Advocacy Developers Conference III (Day 2)

After meeting with a new client in Palo Alto early this morning, I showed up about 2 hours late to Day 2 at the Advocacy Developers Conference here in Oakland. Luckily, Gunner let me in without much more than a "morning Ryan!". What a guy.

Today's meetings followed up on the previous day's discussions, and the one that intrigued me the most was the interoperability discussion lead by David Taylor. In the meeting, we had a great mix of content management systems represented, with Joomla, Drupal, Plone, AMP, and May First People-Link. After going around and around with what's important in integration, we finally threw our hands up and said, "let's just pick one small thing to tackle, and see what we can do."

Or as Gunner kept reminding us, "get the low hanging fruit."

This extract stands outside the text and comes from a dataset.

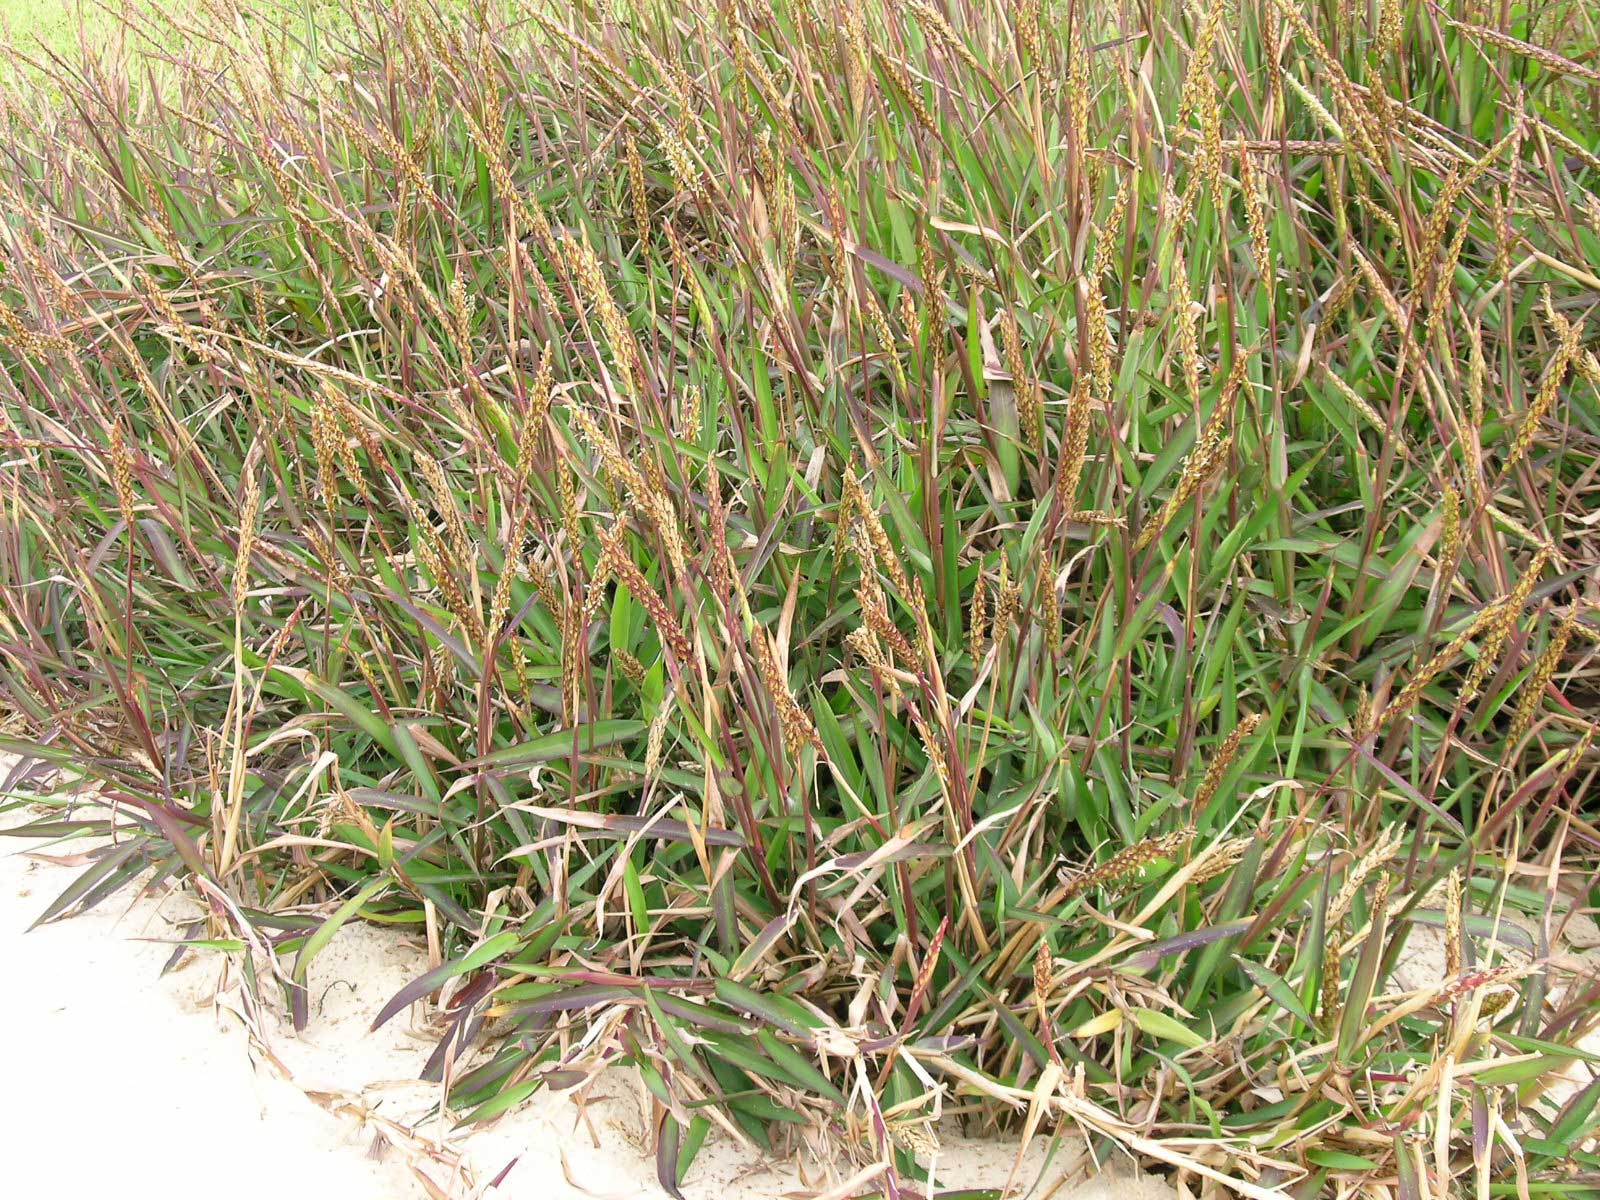 Photograph of Ischaemum triticeum, a type of murainagrass, growing on a sandy beach. The photo shows a tangle of green grass, dry yellow grass leaves, and flowering stalks.

We thought it would be interesting to see if we could get our various CMSes to talk to each other. One thing that we thought would be cool would be if we could query data from other CMSes, and then receive data and present it within our own systems.

An example would be allowing a visitor on our Joomla site be able to search other Joomla sites and Plone sites, and then have the data collected and displayed on our Joomla site. While we thought general content would be great, David thought the things that are most often shared among sites was events.

Based on events, we decided that we needed to follow a standard. Unfortunately, we had a very similar discussion regarding events and the RSS Events standard, which as David and Jamie McClellan told us their war stories from trying to get it to work. We decided that we'd build to the GData specs by Google, which is just an extension of Atom.